Excoecaria cochinchinensis (Chinese croton, blindness tree, buta buta, jungle fire plant) is a species of plant in the genus Excoecaria, which is a member of the family Euphorbiaceae. It is native to Southeast Asia and China. It is a subtropical evergreen shrub with a woody stem, growing up to 1–2 meters (3.3–6.6 ft) high. Its leaves are opposite, their texture shiny and papery, the upper surface dark green or variegated and the underside a deep maroon. The leaves measure  6–14 cm by 2–4 cm (2.4–5.5 in by 0.8–1.6 in).

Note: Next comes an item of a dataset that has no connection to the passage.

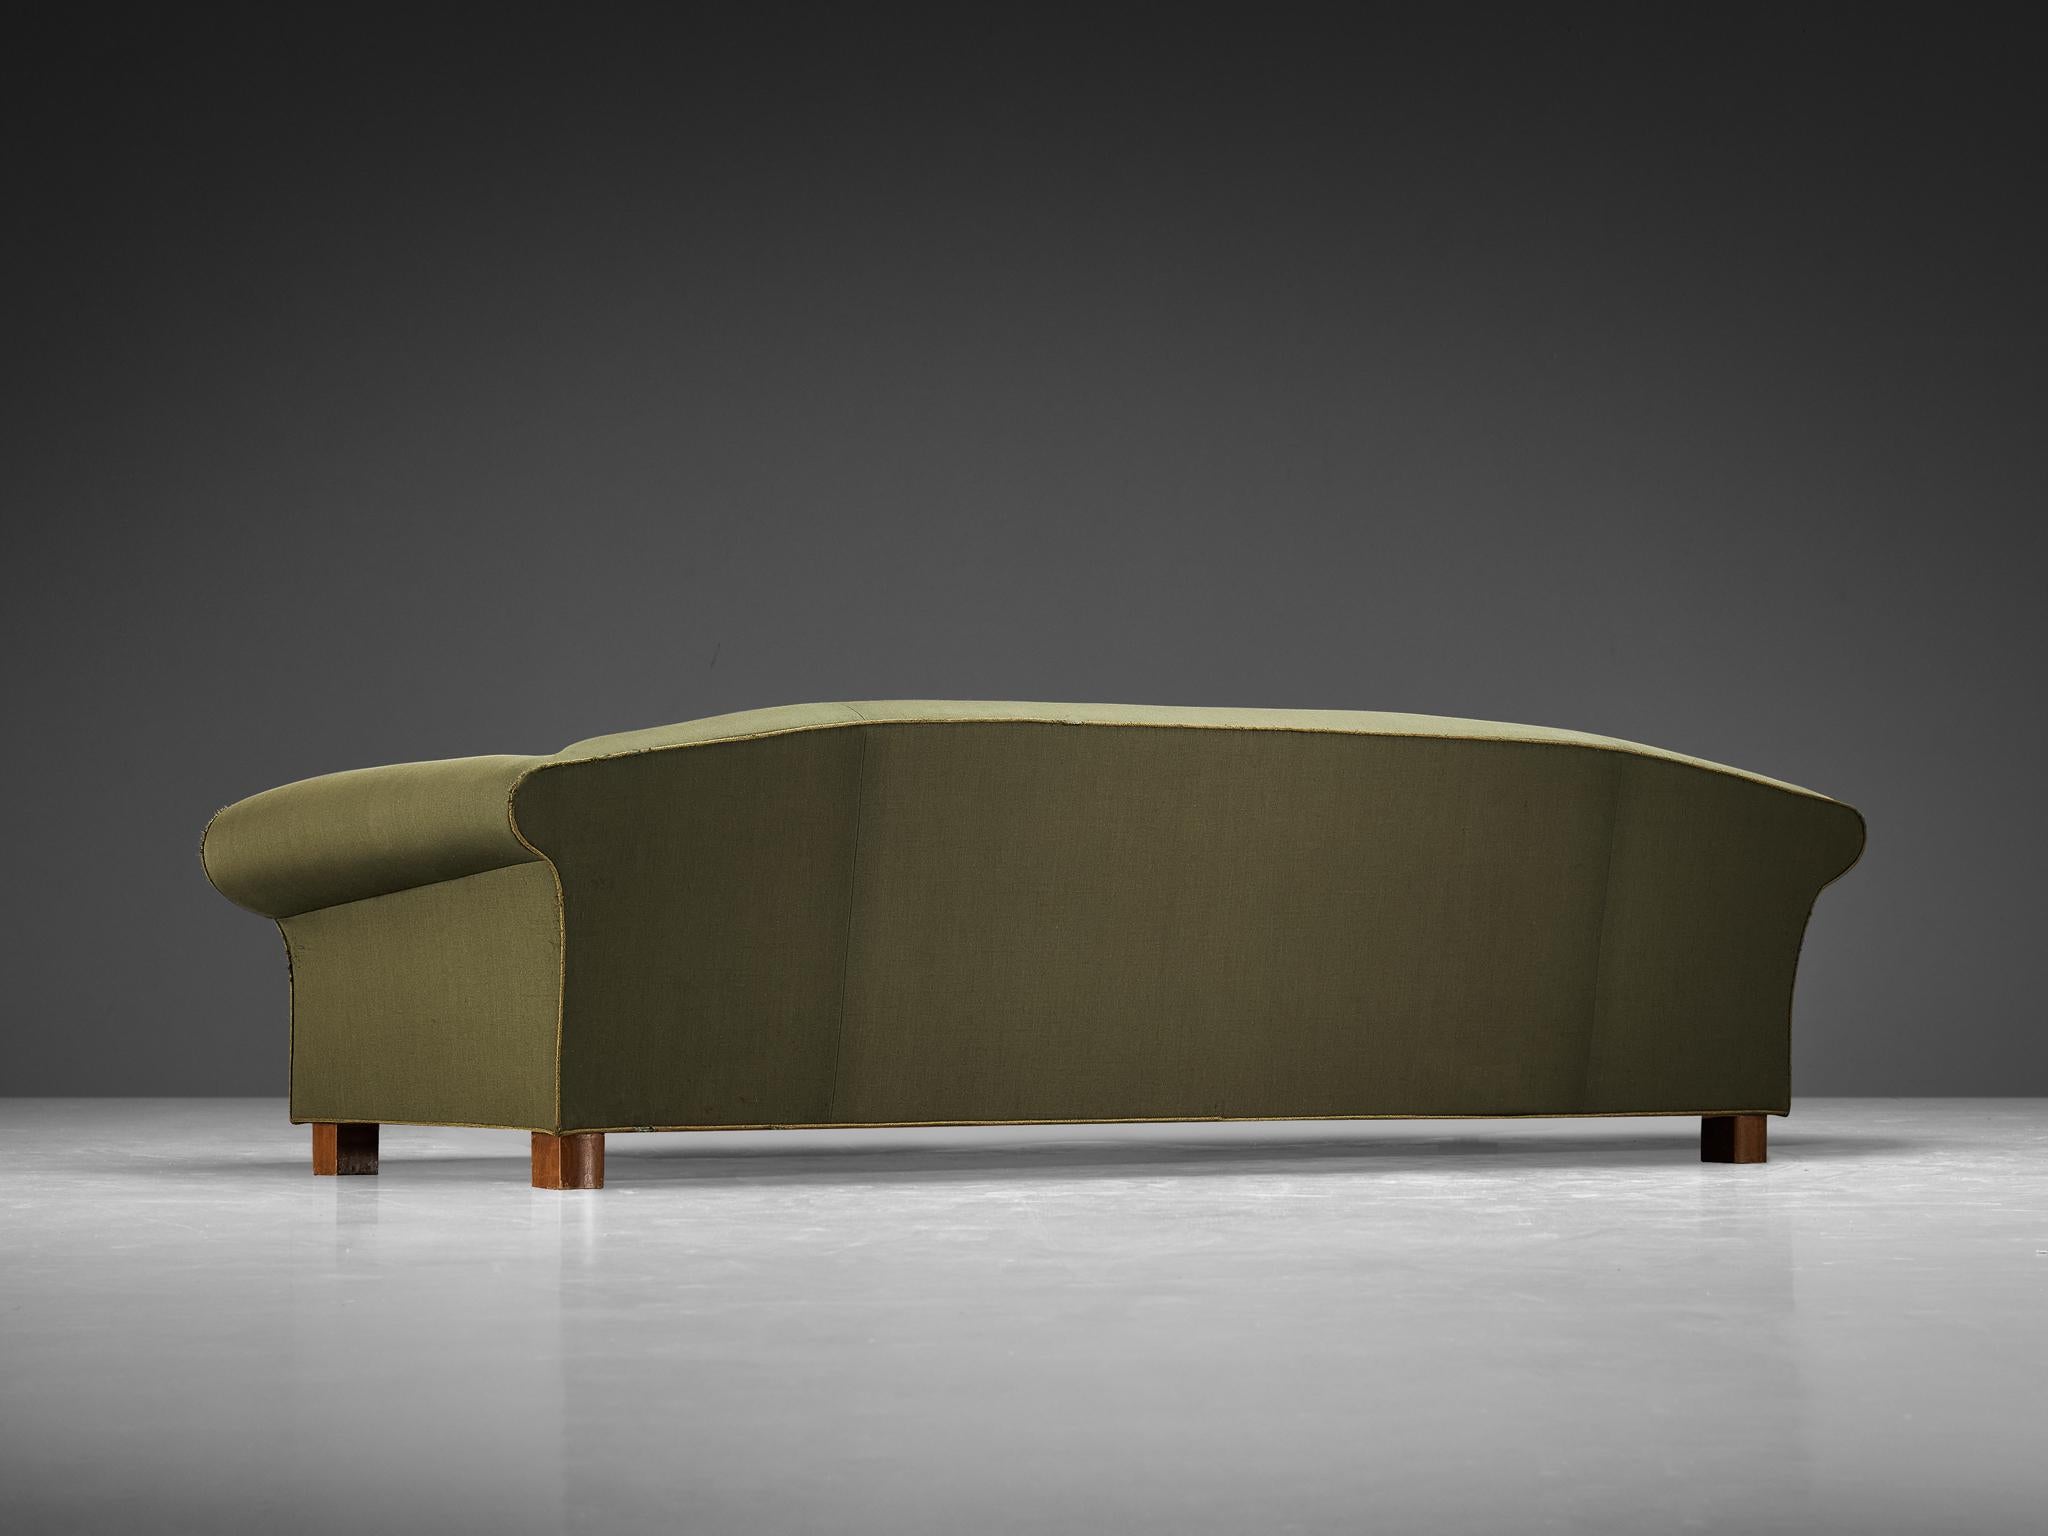 Swedish Art Deco Sofa in Olive Green Upholstery  For Sale 1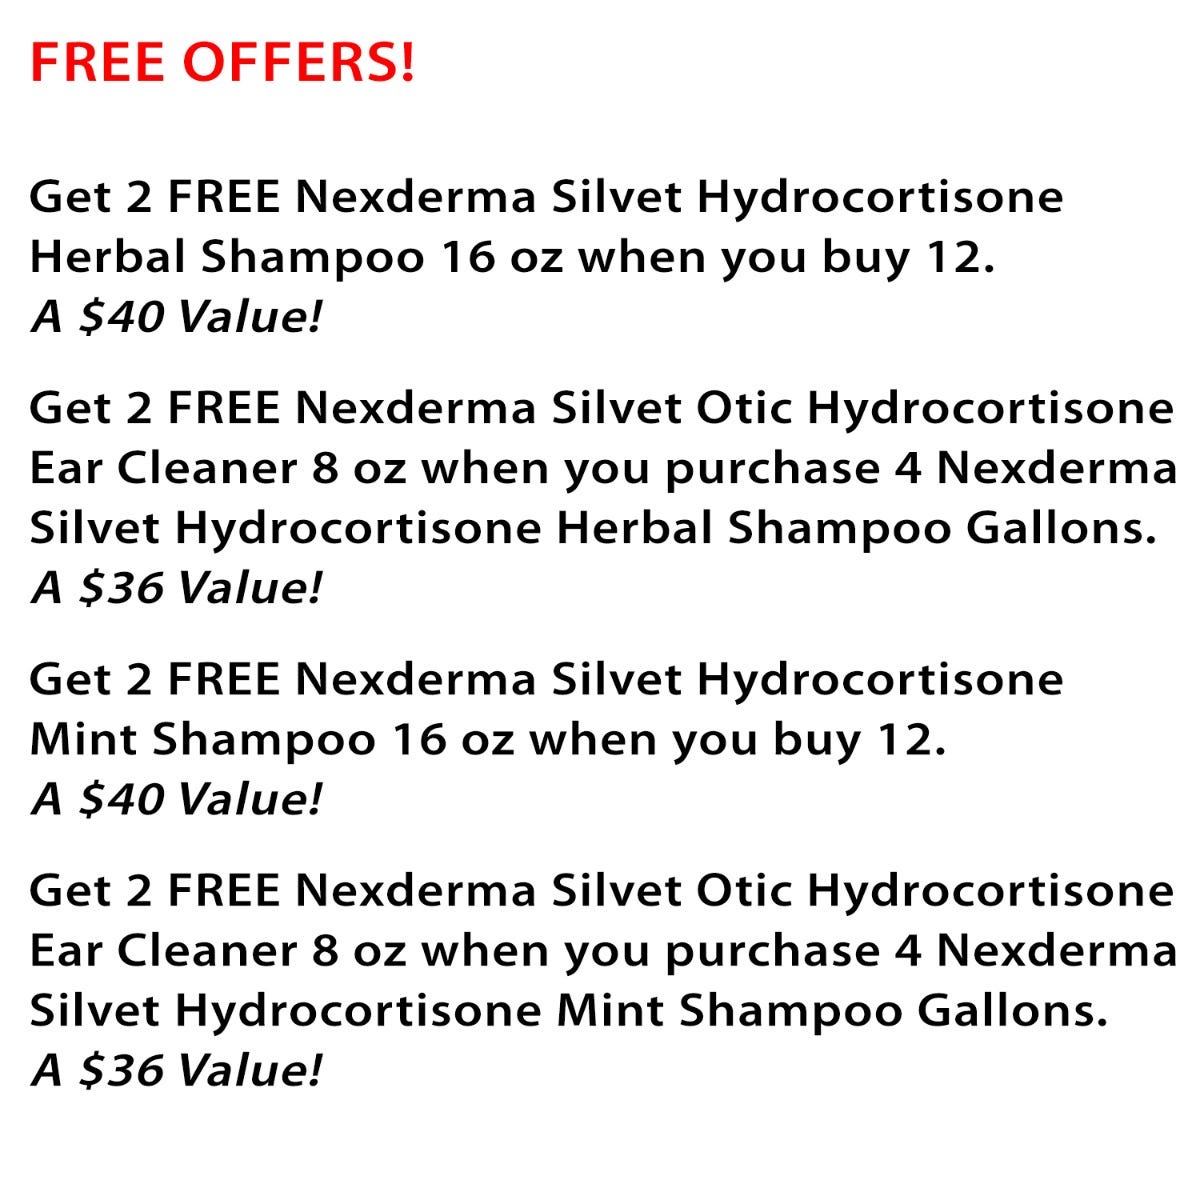 Nexderma special promotions

It is dioecious.

Name
The common name of blindness tree comes from Latin, "excoecaria", to make blind. Sap in the eyes is reported to causes blindness. The Latin name cochinchinensis derives from Cochinchina, an old name for Vietnam.

Uses
Excoecaria cochinchinensis is cultivated as an ornamental tropical plant, greenhouse plant, or houseplant. A popular colorful cultivar is "Firestorm."

Precautions
As with many of the Euphorbiaceae, the sap is toxic and can cause skin eczema in some people. It is also toxic if eaten, though in small quantities, it has been used in herbal medicine to treat gastric ulcers.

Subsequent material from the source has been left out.